Still Simmering After 60 Years: Who Killed JFK and Why?
Documentaries, Books, and Films for Your Conspiratorial Pleasure
Soon it will be November 22, which, in addition to being that day before drunk uncle day, is also the 60th anniversary of President John F Kennedy being assassinated.
Although the consensus that Lee Harvey Oswald pulled the trigger has remained sort of intact (the second shooter theory had its day), the part about why he did it hasn’t fared well.
Was Oswald really a misfit who killed the president to prove his worth? Was he an assassin hired by right-wing millionaires (or the CIA, or the mafia)? Was he an undercover communist on a mission ordered by Fidel Castro in retaliation for US attempts on his life? We’ll never know for sure, and none of those theories change the fact that JFK is gone.
There was a time when I was involved with anti-Vietnam war activists (including a few ex-spooks) who’d taken upon themselves to investigate the US intelligence apparatus.
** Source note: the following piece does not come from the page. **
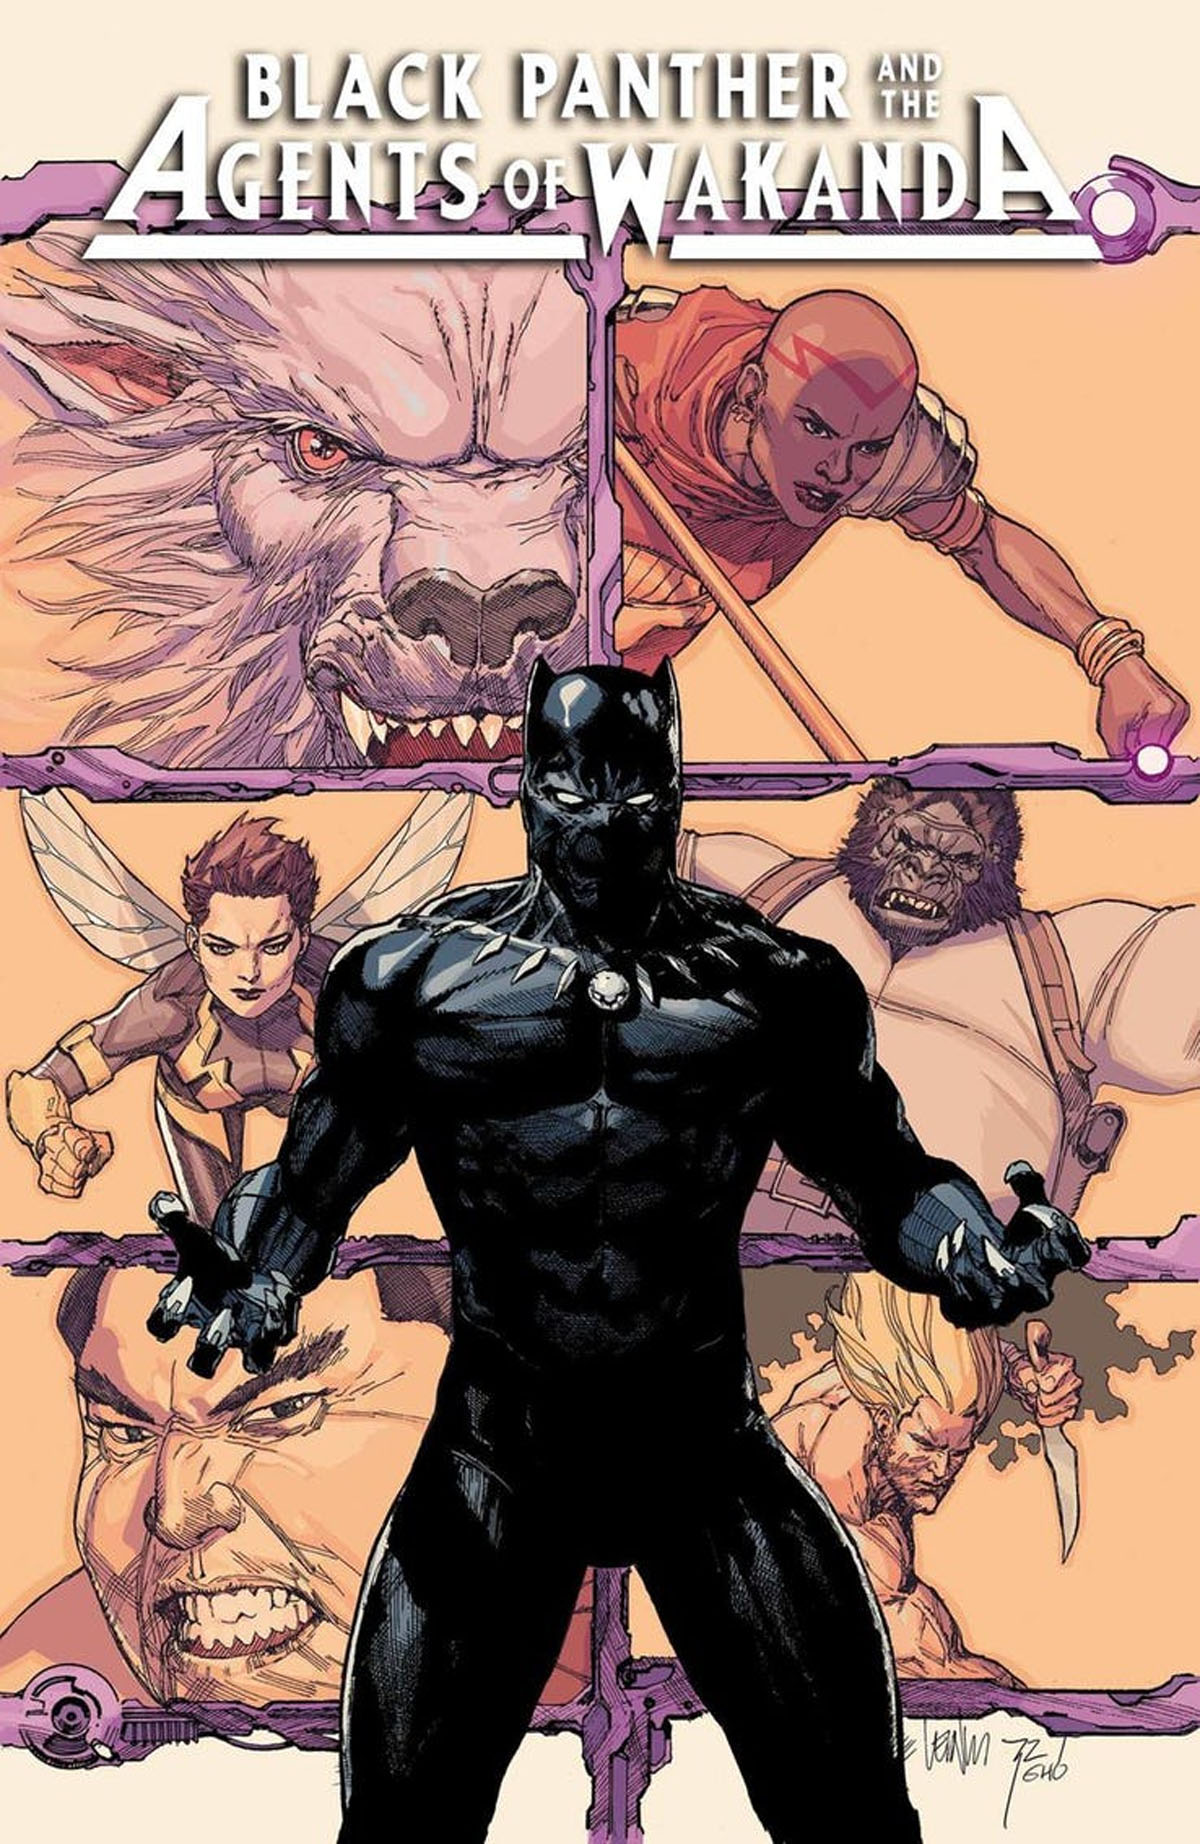 Black Panther and the Agents of Wakanda #1 cover b

We were trying to operate according to the I.F. Stone model, scouring the public record looking for clues to integrate into a larger analysis of exposing the mechanisms of US imperialism
Our work got noticed in DC circles, and before long author Norman Mailer was hosting a fundraising cocktail party for us. The FBI informant in attendance noted that our group, including myself, quietly separated ourselves from the main crowd to dump the Portuguese Rosé’ being served at the party into the bushes as a sign of opposition to the neo-fascist dictator then in power in Lisbon.
The informant report was later read into the congressional record by Orange County right winger Rep. Larry McDonald. And we learned a valuable lesson --not that there were informants afoot– but that they were unreliable; I wasn’t at the event for reasons lost in the ozone.
Being as we were Spying on the Spies, the conspiracy crazies found us, looking for validation of whatever strain of history they’d largely invented. We agreed with them that there was more to the assassination story than met the eye, but quickly learned to distance ourselves from the individuals professing their “truth.” They were a squabbling bunch, quick to call those with different theories as some flavor of deep state agents.
One of the people I got to know back in those days was veteran Jeff Stein, who’d run undercover Vietnamese CIA/Army spies. I can still remember him sitting with a draft beer at Ellen’s Irish Pub back in the days when lunchtime imbibing was standard operating procedure.
Stein’s gone on to become one of the respected names in reporting on the spy business, and has a Substack newsletter that includes contributions from experts/ex-agents across the political spectrum. I find it trustworthy; he doesn’t allow readers to suffer through the paranoid gibberish on the edges of the spy world.
Anyhow, Jeff’s latest issue of SpyTalk looks back at the work of Gus Russo, author of Brothers in Arms: The Kennedys, the Castros, and the Politics of Murder, and subsequent film Rendezvous With Death., (Broadcast on German television but never shown in the U.S.)
Russo obtained what purports to be a recording of Maria Luisa Calderon, then a Cuban intelligence agent stationed in the Mexico City embassy, speaking with unknown callers shortly after the Kennedy assassination. Calderon was apparently familiar with Lee Harvey Oswald’s background.
A declassified CIA report says Oswald had contact with both the Soviet Embassy and the Cuban Consulate in Mexico City about seven weeks prior to the assassination. He was reportedly trying to get visas to travel to Cuba while waiting for approval for he and his Russian born wife to return to the Soviet Union.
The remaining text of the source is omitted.